___ DATA FOR THE TASK ___

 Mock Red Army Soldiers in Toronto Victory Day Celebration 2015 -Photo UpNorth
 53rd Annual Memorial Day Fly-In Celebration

___
___ DATA FOR THE TASK ___

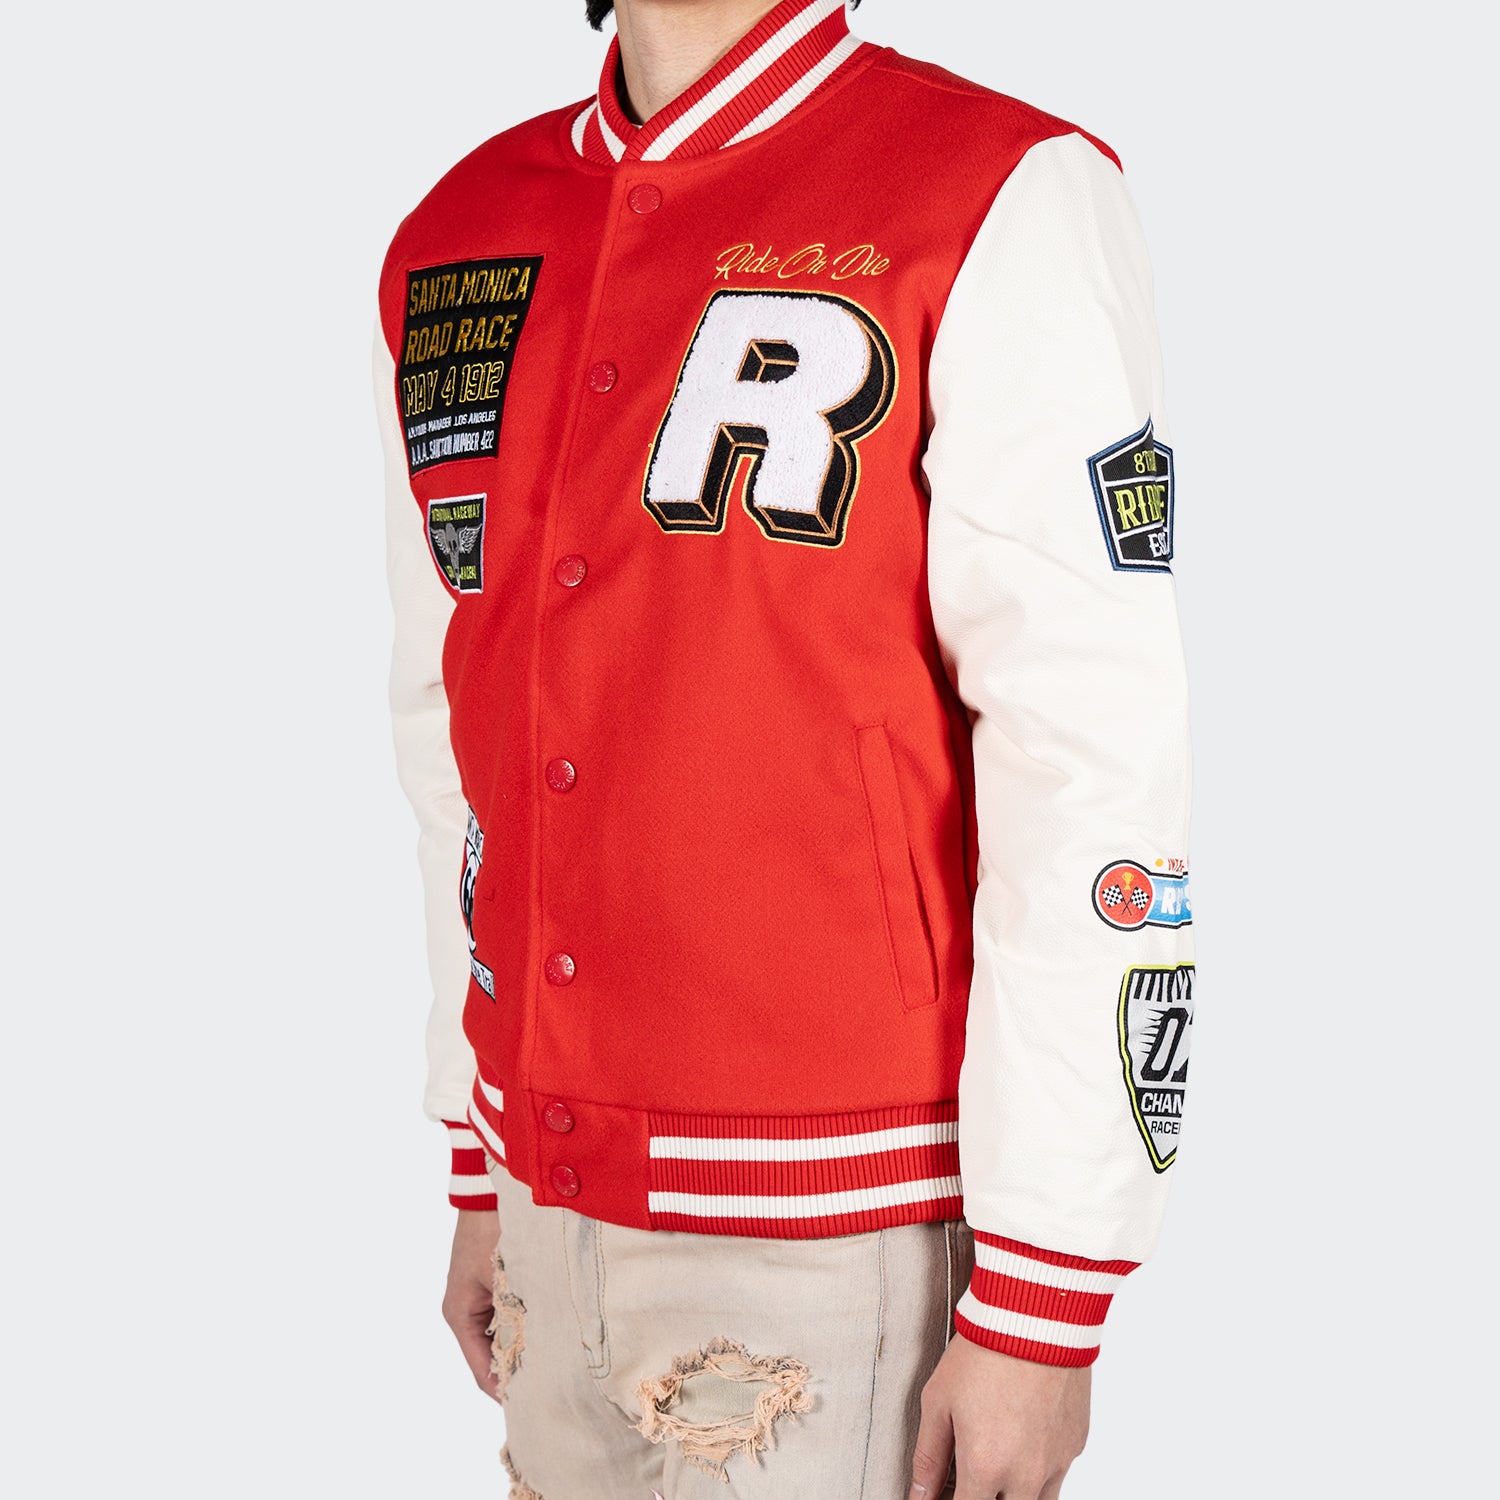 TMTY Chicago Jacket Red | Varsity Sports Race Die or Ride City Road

___
___ DATA FOR THE TASK ___

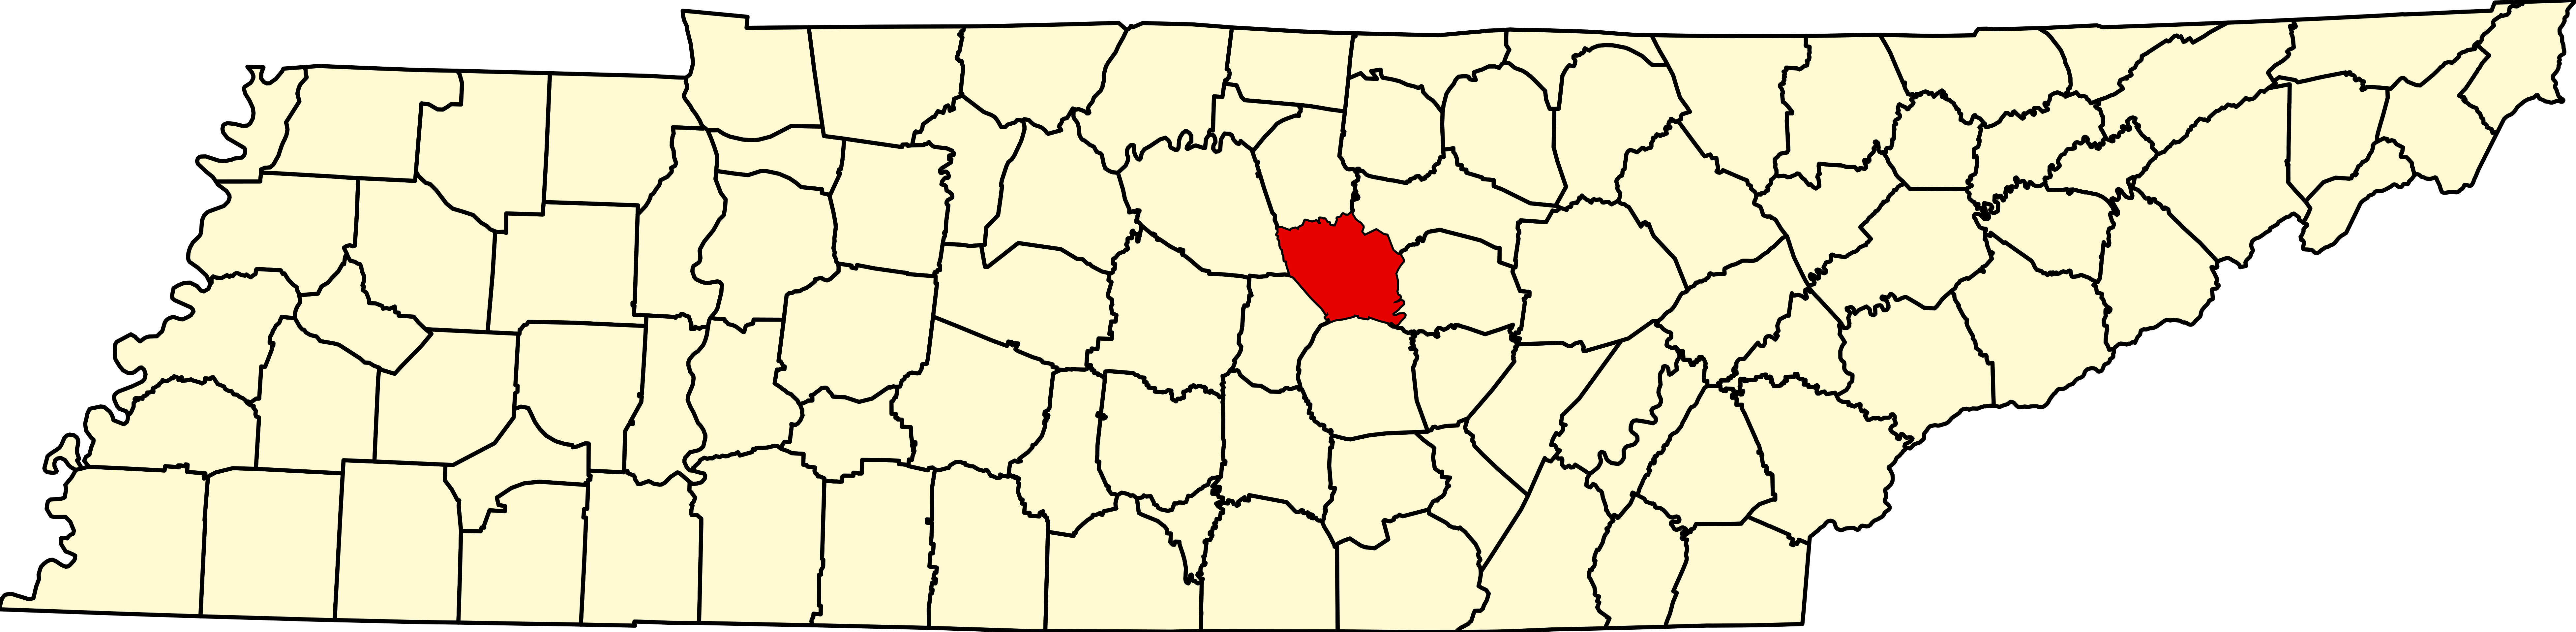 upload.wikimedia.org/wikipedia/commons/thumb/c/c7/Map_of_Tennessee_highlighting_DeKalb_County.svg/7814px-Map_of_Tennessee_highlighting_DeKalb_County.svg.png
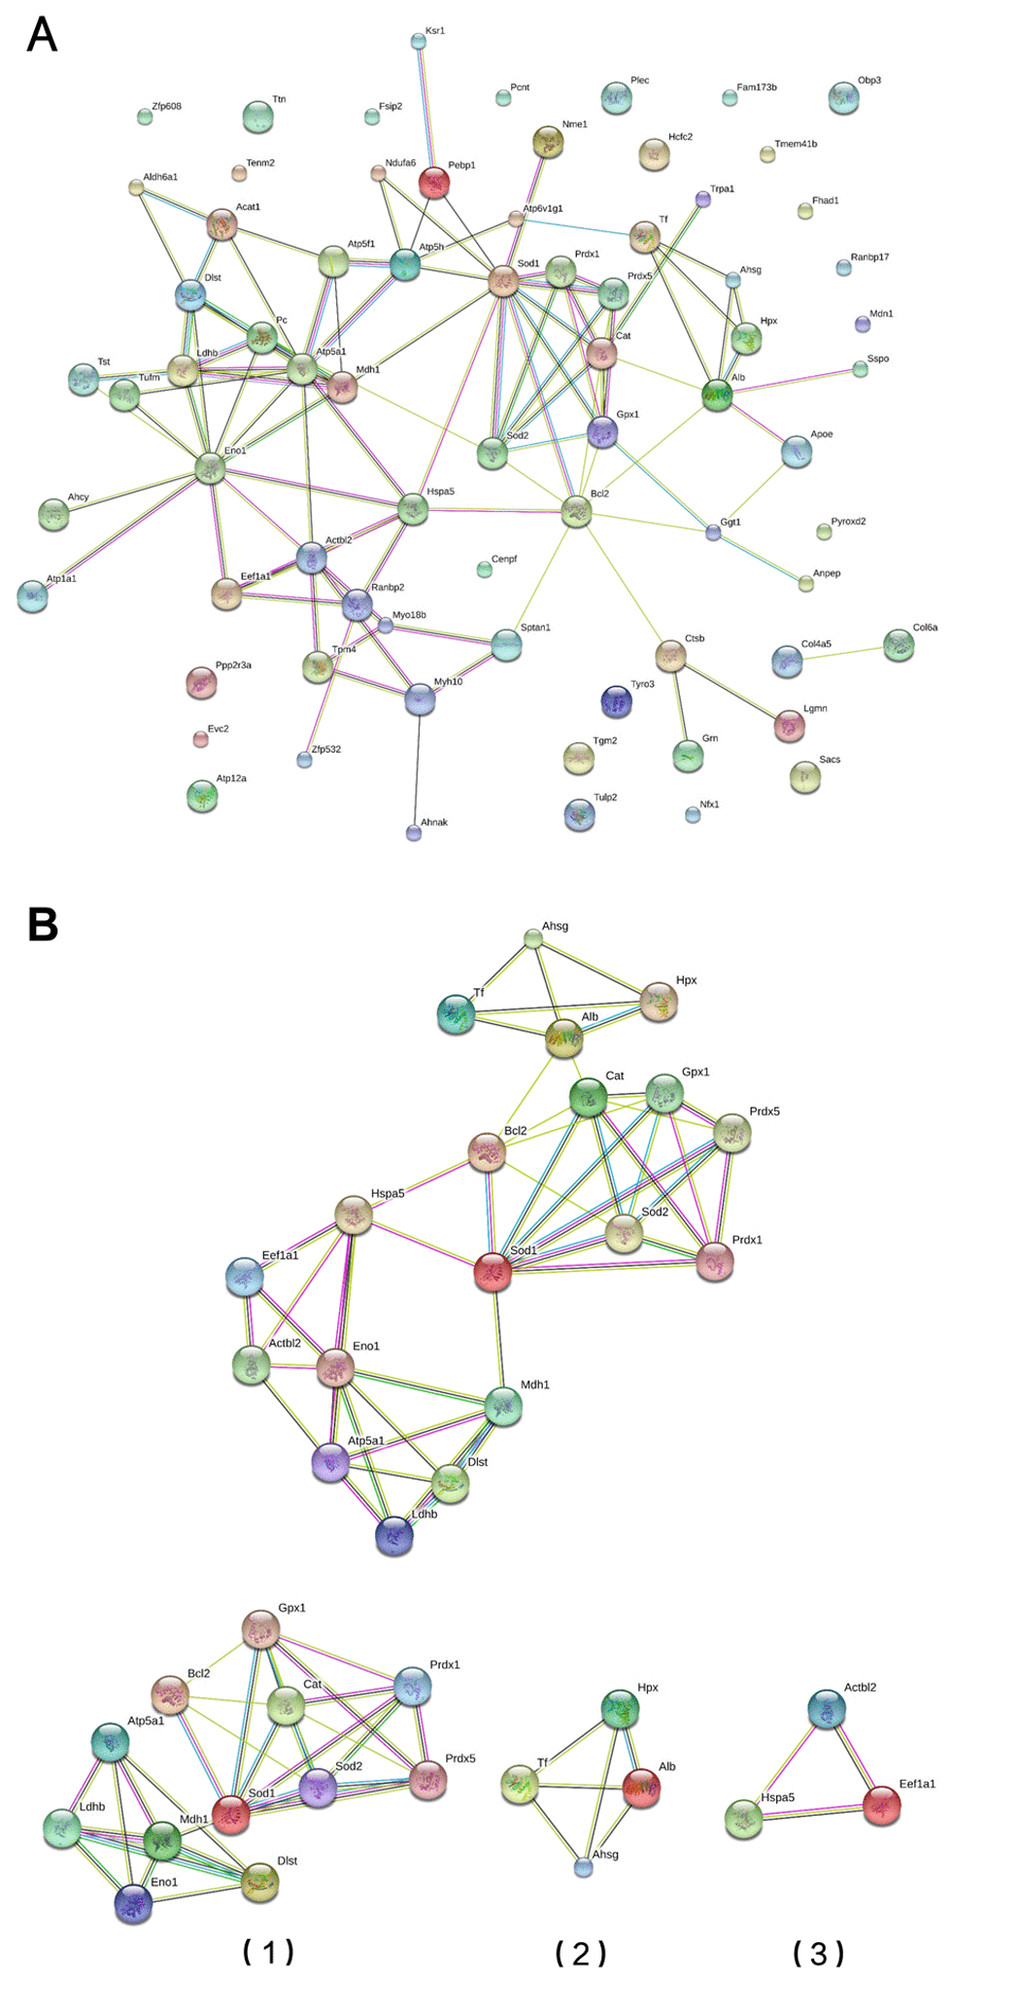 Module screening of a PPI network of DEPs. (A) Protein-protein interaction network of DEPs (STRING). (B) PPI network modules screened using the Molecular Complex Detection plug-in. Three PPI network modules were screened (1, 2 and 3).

___

YOUR GOAL — Go through the data and show every line where "Celebration" occurs.

COMPLETED EXERCISE —
 Mock Red Army Soldiers in Toronto Victory Day Celebration 2015 -Photo UpNorth
 53rd Annual Memorial Day Fly-In Celebration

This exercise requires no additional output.